2. Method for Producing Nonaqueous Composition for External Use on
Skin
[0061] The nonaqueous composition for external use on the skin of
the present invention can be produced by a method comprising the
steps of:
(a) adding a strongly hydrophilic amphiphilic solid active
ingredient to a water phase to obtain a water phase mixture; (b)
adding a surfactant to an oil phase to obtain an oil phase mixture;
(c) mixing the water phase mixture obtained in the step (a) with
the oil phase mixture obtained in the step (b) to obtain a
water-in-oil emulsion; (d) freeze-drying the water-in-oil emulsion
obtained in the step (c) to obtain a strongly hydrophilic
amphiphilic solid active ingredient-surfactant complex; and (e)

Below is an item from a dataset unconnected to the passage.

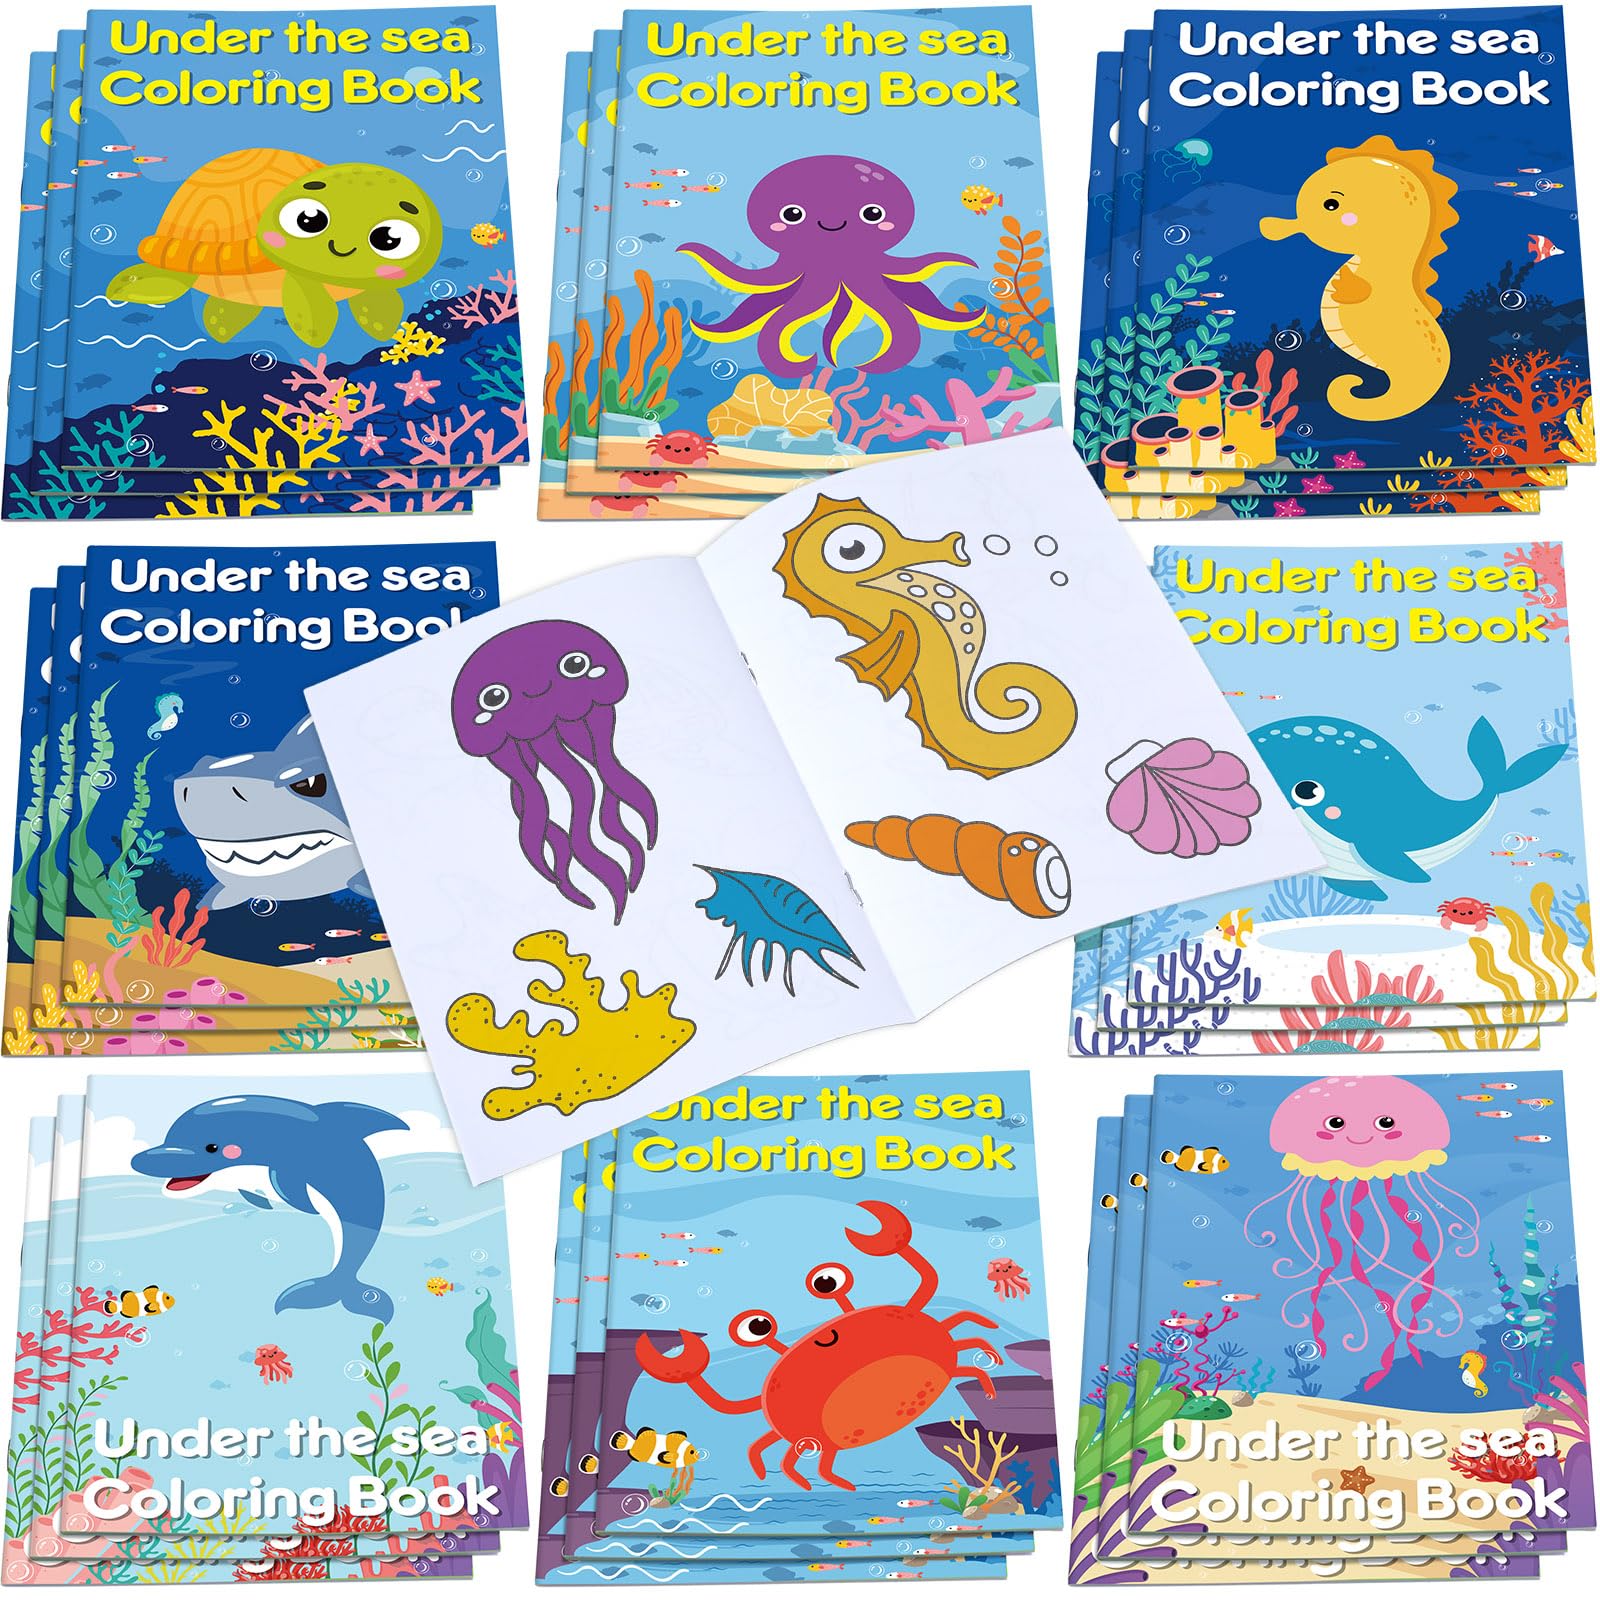 Faccito pcs ocean animals coloring books bulk under the sea mini coloring book party favors drawing book for kids ocean fish mermaid birthday party goodie bag gift classroom activity supply

dissolving or dispersing the strongly hydrophilic amphiphilic solid
active ingredient-surfactant complex obtained in the step (d) in an
oil.
[0062] In the following, each step will be described.
<Step (a)>
[0063] In the step (a), a strongly hydrophilic amphiphilic solid
active ingredient is added to a water phase to obtain a water phase
mixture.
[0064] Ingredients constituting the water phase are not limited as
long as the strongly hydrophilic amphiphilic solid active
ingredient is dissolved. Water is a main ingredient and, as needed,
a water-soluble organic solvent is preferably contained.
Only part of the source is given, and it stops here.